Level: The protocol layer where the option is located.
Optname: The name of the option that needs to be interviewed.
Optval: For GetSockOpt (), point to the buffer that returns the value of the option. For setsockopt (), point to the buffer that includes the new option value.
Optlen: For GetSockOpt (), the maximum length of the option value as the entry parameter. The actual length of the option value as the export parameter. For setsockopt (), the length of the current option.
Return Description:
When run successfully, returns 0. The failed return -1,errno is set to one of the following values
Ebadf:sock is not a valid document descriptive narrative word
The memory that Efault:optval points to is not a valid process space
EINVAL: Optlen Invalid when calling setsockopt ()

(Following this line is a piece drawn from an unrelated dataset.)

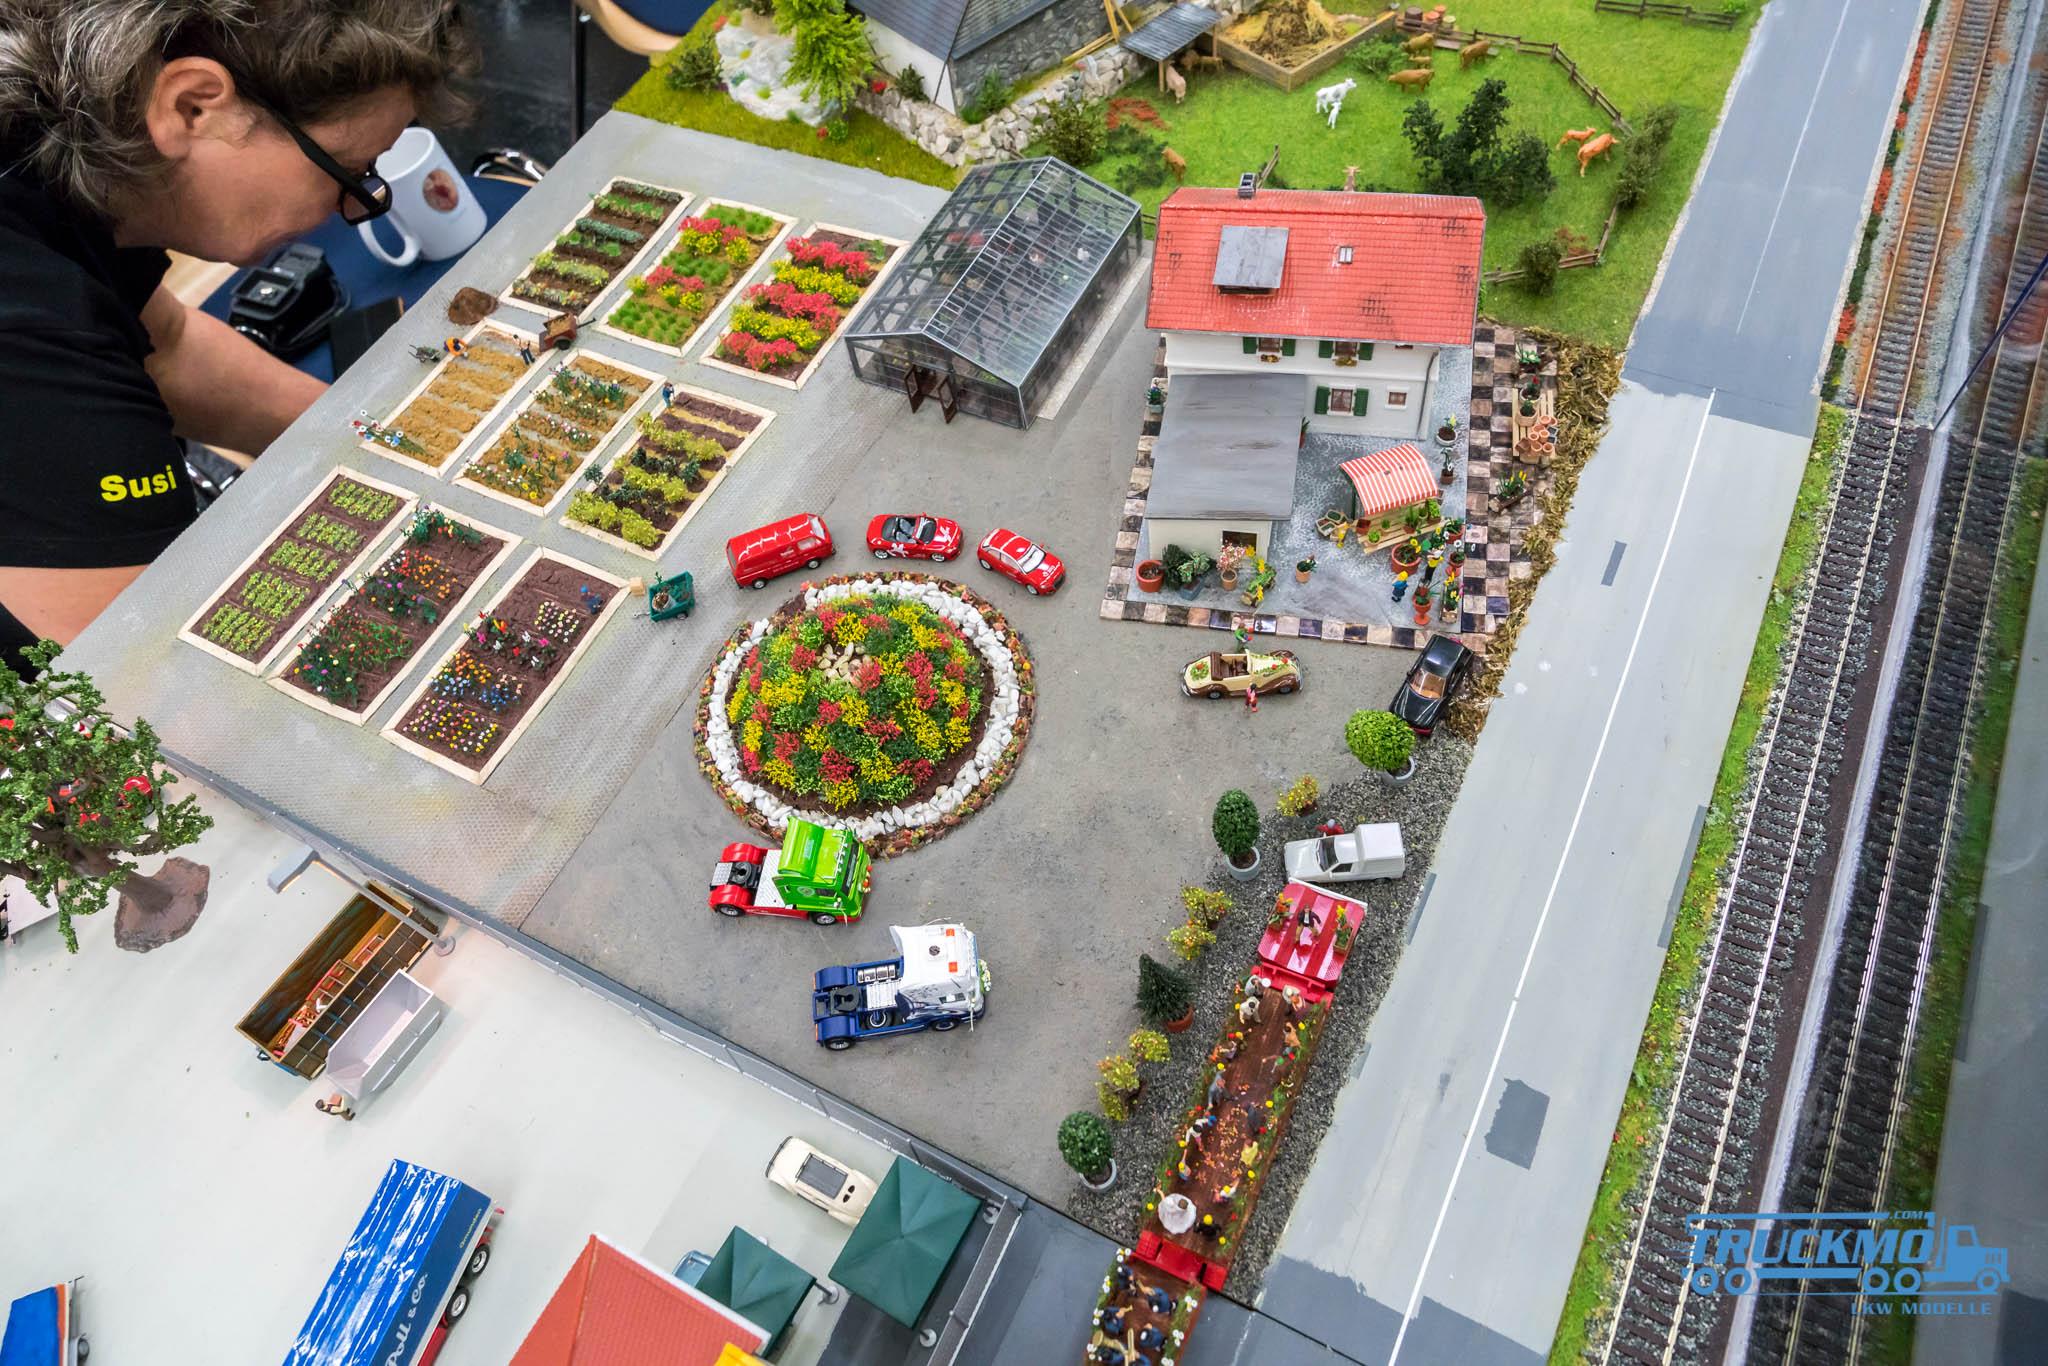 Truckmo_Modellbau_Ried_2017_Herpa_Messe_Modellbauausstellung (272 von 1177)

ENOPROTOOPT: The specified protocol layer does not recognize the option
Enotsock:sock description is not a socket
The specific description of the parameters:
level specifies the hierarchy of the control sockets. Can take three kinds of values:
1) Sol_socket: Universal socket option.
2) ipproto_ip:ip option.
3) ipproto_tcp:tcp option.
Optname Specify the mode of control (the name of the option), we explain below
Optval Gets or sets the socket option. Conversion based on the data type of the option name
Option Name Description Data type
========================================================================
Sol_socket
------------------------------------------------------------------------
So_broadcast agree to send broadcast data int
So_debug agree to debug int
So_dontroute does not find route int
So_error Getting socket error int
So_keepalive remain connected int
So_linger delay closing connection struct LINGER
So_oobinline out-of-band data into normal data stream int
SO_RCVBUF Receive buffer size int
SO_SNDBUF Send buffer size int
So_rcvlowat receive buffer lower bound int
So_sndlowat send buffer lower bound int
So_rcvtimeo Receive timeout struct timeval
So_sndtimeo Send timeout struct timeval
So_reuseraddr agree to reuse local address and Port int
So_type Get socket type int
So_bsdcompat compatible with BSD systems int
========================================================================
Ipproto_ip
------------------------------------------------------------------------
Ip_hdrincl include IP header int in packet
Ip_optinos IP Header option int
Ip_tos Service Type
Ip_ttl Time to live int
========================================================================
Ippro_tcp
------------------------------------------------------------------------
Tcp_maxseg the size of the TCP maximum data segment int
Tcp_nodelay does not use the Nagle algorithm int
========================================================================
Return Description:
When run successfully, returns 0. The failed return -1,errno is set to one of the following values
Ebadf:sock is not a valid document descriptive narrative word
The memory that Efault:optval points to is not a valid process space
EINVAL: Optlen Invalid when calling setsockopt ()
ENOPROTOOPT: The specified protocol layer does not recognize the option
Enotsock:sock description is not a socket
So_rcvbuf and So_sndbuf each of the socket interfaces has a send buffer and a receive buffer, using these two sets of interface options to change the default buffer size.
Receive buffers
int nrecvbuf=32*1024; Set to 32K
SetSockOpt (S,sol_socket,so_rcvbuf, (const char*) &nrecvbuf,sizeof (int));
Send buffer
int nsendbuf=32*1024;//set to 32K
SetSockOpt (S,sol_socket,so_sndbuf, (const char*) &nsendbuf,sizeof (int));
Attention:
When setting the TCP socket receive buffer size, the function call order is very important, because the TCP form size option is used to interchange with SYN when establishing the connection. For customers, the O_RCVBUF option must be set before connect, and the SERVER,SO_RCVBUF option must be set before listen.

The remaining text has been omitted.